Voici comment on se retrouve aujourd’hui devant l’improbable Amoureux de ma femme, l’acteur-réalisateur renouvelant le pari dangereux qu’un succès établi est la meilleure planche de salut pour un succès espéré. Le film est, en effet, l’adaptation d’une comédie théâtrale – L’Envers du décor, de Florian Zeller – mise en scène et interprétée par Daniel Auteuil en 2016. Le dispositif, façon Dîner de cons, est simple : deux couples face à face le temps d’un repas dans un appartement bourgeois parisien. Il y a là Daniel (Daniel Auteuil), sémillant sexagénaire, sa femme, Isabelle (Sandrine Kiberlain), qui ne le fait plus rêver, son truculent ami Patrick (Gérard Depardieu) et sa nouvelle et accorte petite amie espagnole, Emma (Adriana Ugarte), qui lui rend la moitié de son âge. Les attendus de cette réunion sont hasardeux. Patrick, qui était en couple avec la meilleure amie de la femme de Daniel, s’est logiquement éloigné du couple. Se croisant inopinément dans la rue, les deux hommes conviennent qu’il est temps de se revoir, d’autant que Patrick tient à présenter sa nouvelle amie au couple.
Archaïsme phallocratique
Peinant à convaincre sa femme de l’opportunité d’un tel dîner, Daniel la joue ultra-fine face à l’hostilité de son épouse et finit par obtenir gain de cause. Encore ne pensait-il pas particulièrement à mal. Mais l’apparition en chair et en os de la jeune bombe ibérique à la chute de reins altière et aux yeux de velours va proprement lui mettre cul par-dessus tête durant le dîner. Sur un argument aussi ténu et remâché que celui-ci, pour ne rien dire de l’archaïsme phallocratique du propos qui ne tombe pas franchement à pic, il faut reconnaître au réalisateur le mérite d’avoir tenté une échappatoire dramaturgique. Ainsi, à la simplicité carrée du dispositif original, il brode une construction narrative plus incertaine et complexe, qui donne comme réelles toutes les embardées fantasmatiques qu’inspire à Daniel la vision de sa belle voisine de table (façon, cette fois-ci, Le Magnifique, de Philippe de Broca).
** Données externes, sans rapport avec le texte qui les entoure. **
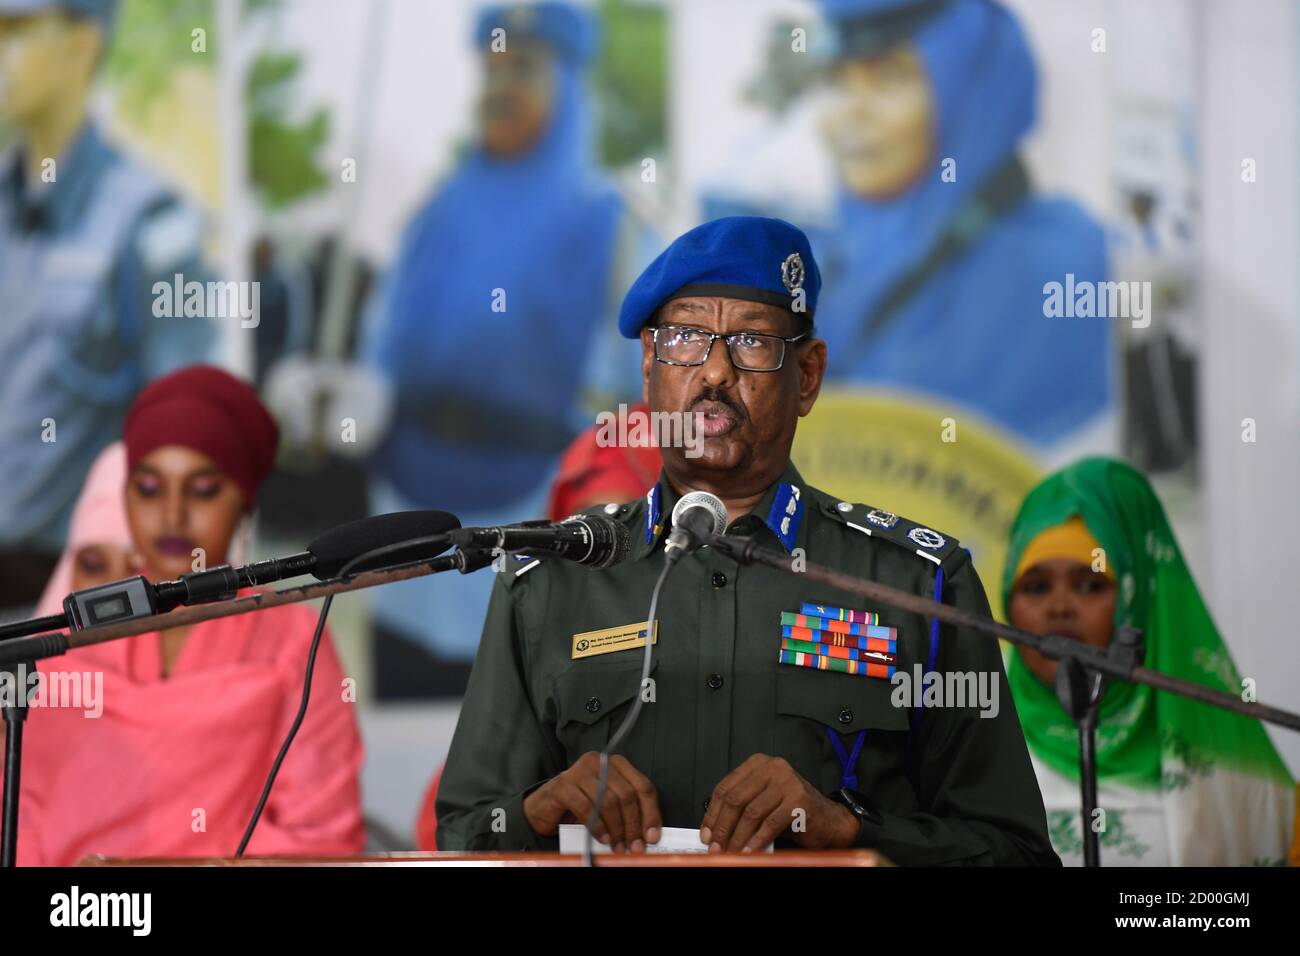 Somalia Police Commissioner Maj. Gen. Abdi Hassan Mohamed speaks during a pass-out ceremony for Darwish forces at General Kahiye Police Academy in Mogadishu, Somalia on 13 February 2020. Stock Photo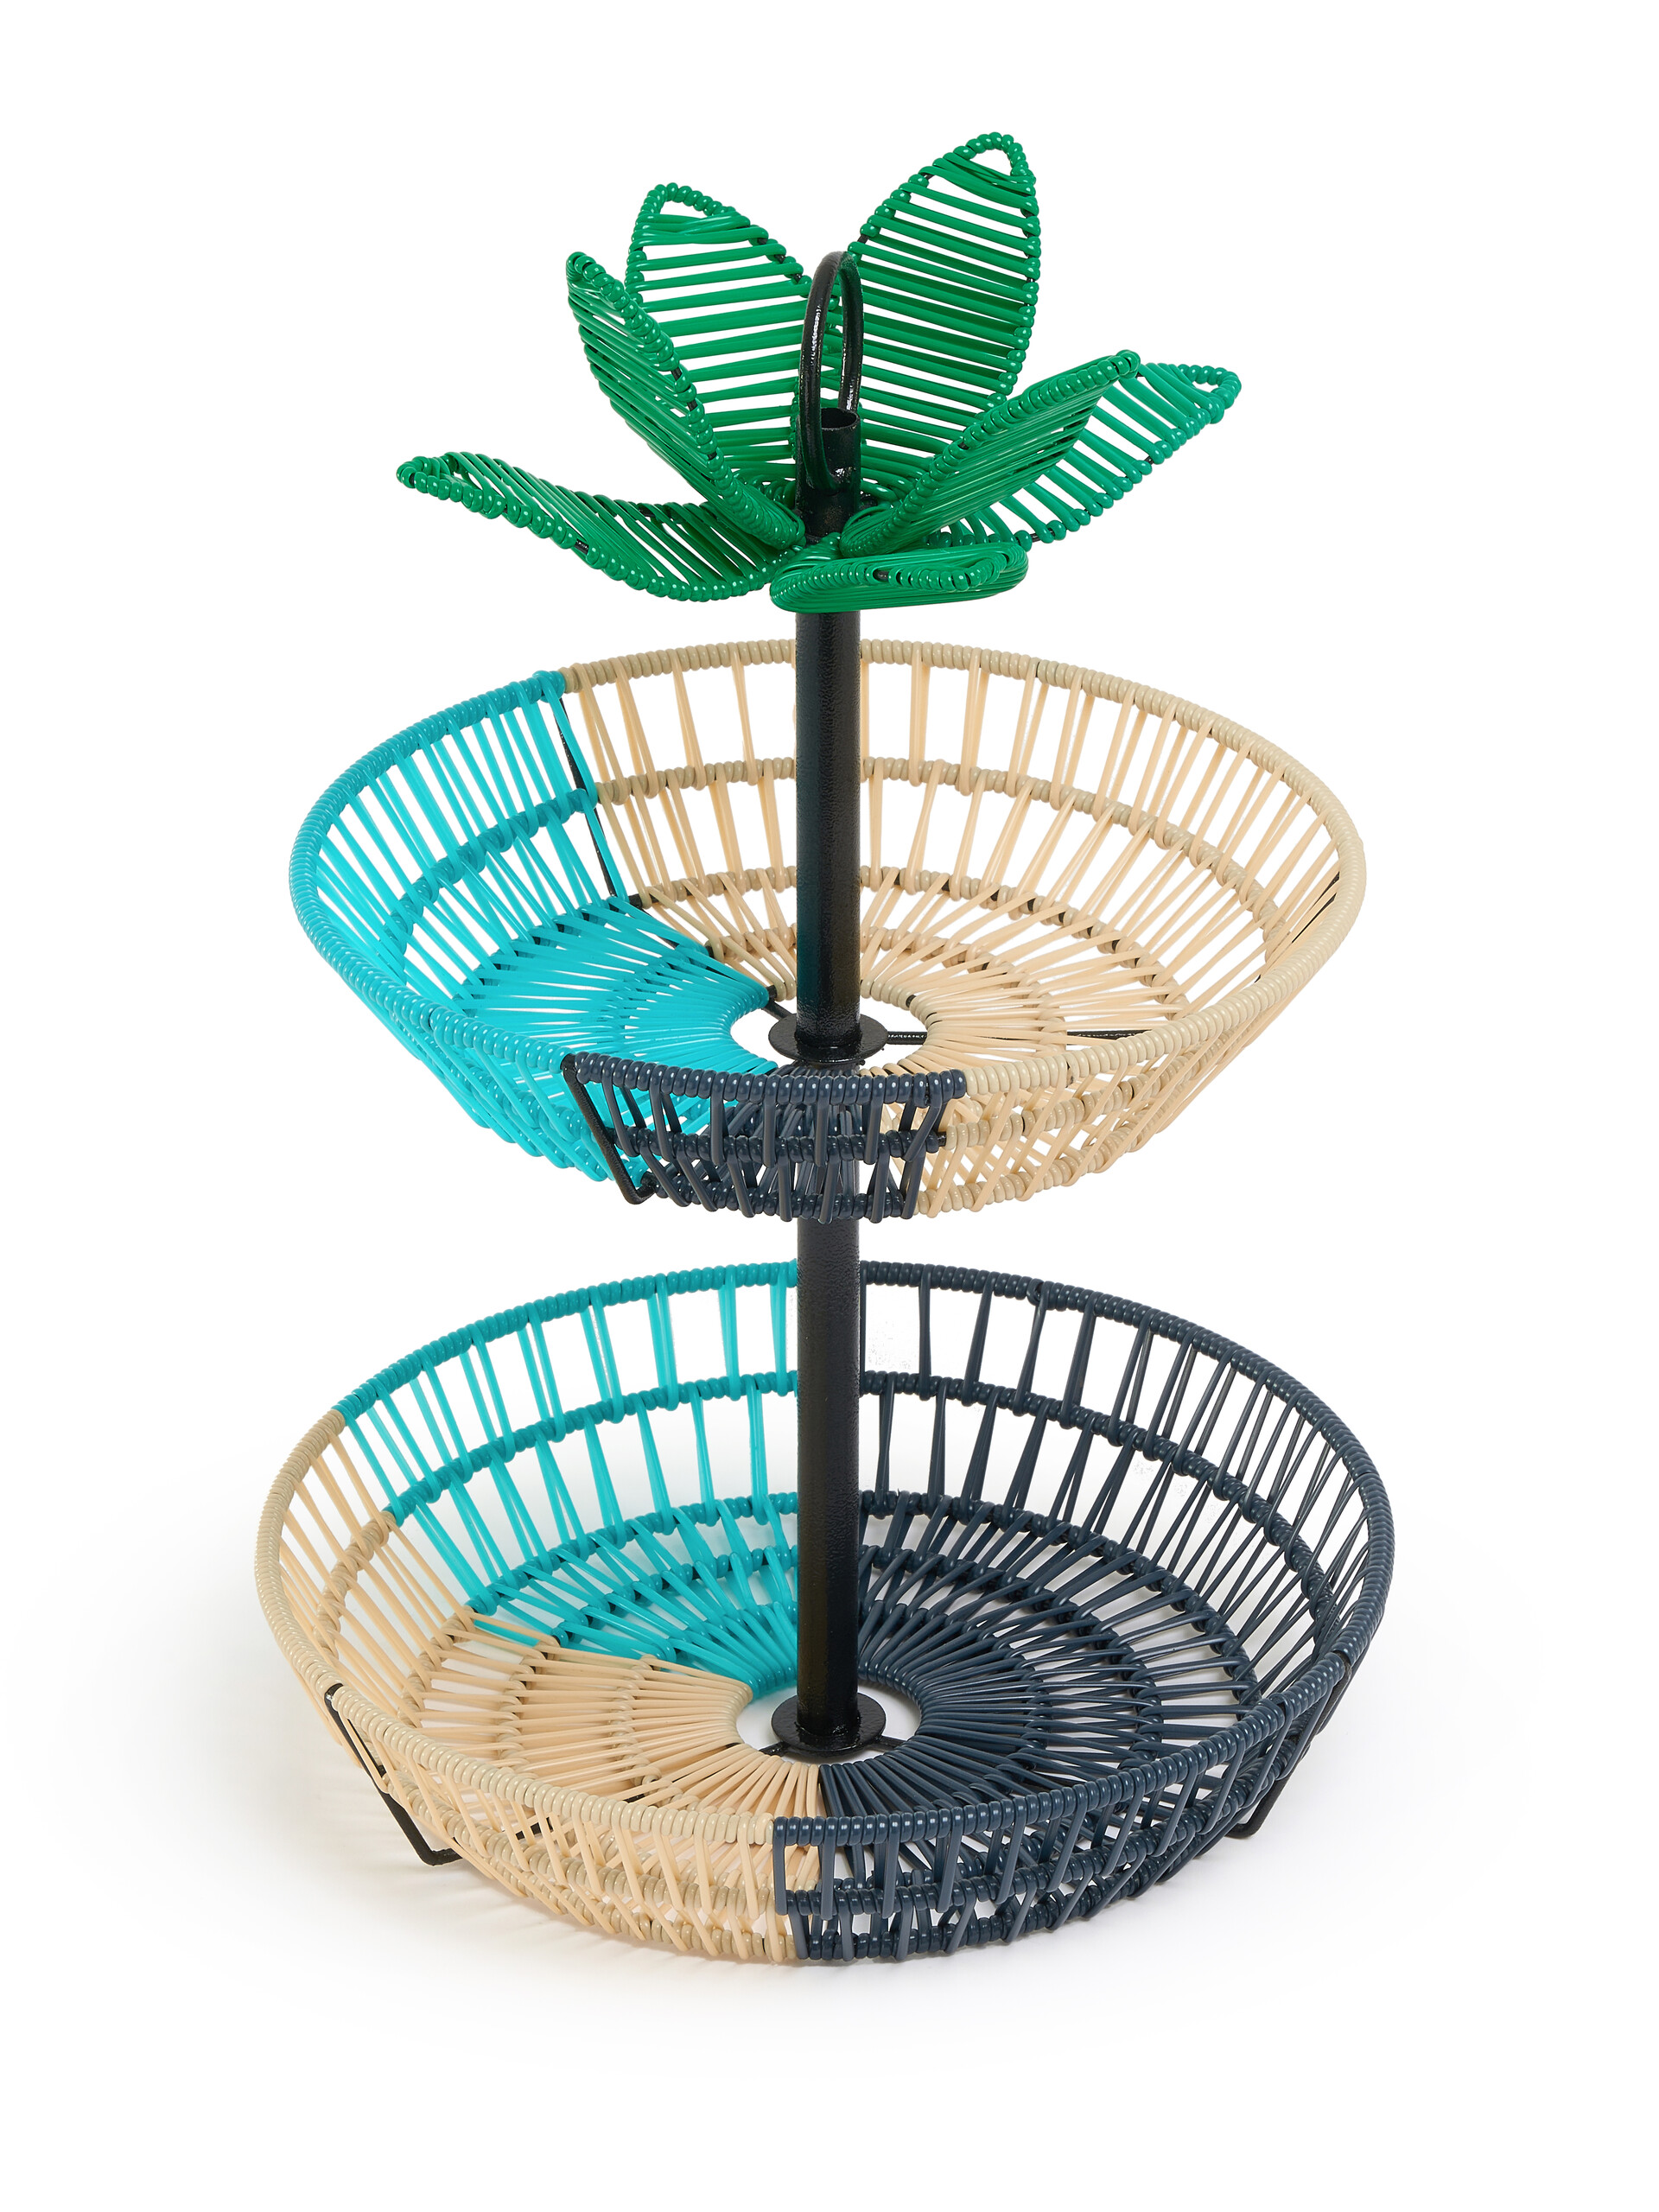 Turquoise And Beige Marni Market Two-Tier Leaf Fruit Basket - Accessories - Image 3

But du jeu : finir par faire douter le spectateur, à chaque strate d’imaginaire qui s’intercale sans transition dans ce dîner, du registre où il se trouve exactement. Les insertions sont si nombreuses qu’on est de fait trompé à maintes reprises. Plus fondamentalement, toutefois, ces échappées oniriques sur le thème du démon de midi n’étant pas elles-mêmes d’une folle originalité, on se prend à s’y ennuyer aussi ferme qu’aux lignes de dialogues lourdement équivoques et aux tirades appuyées du dîner. On ne rangera donc pas ce film parmi les exemples de réussite que compte l’art délicat de la comédie sentimentale.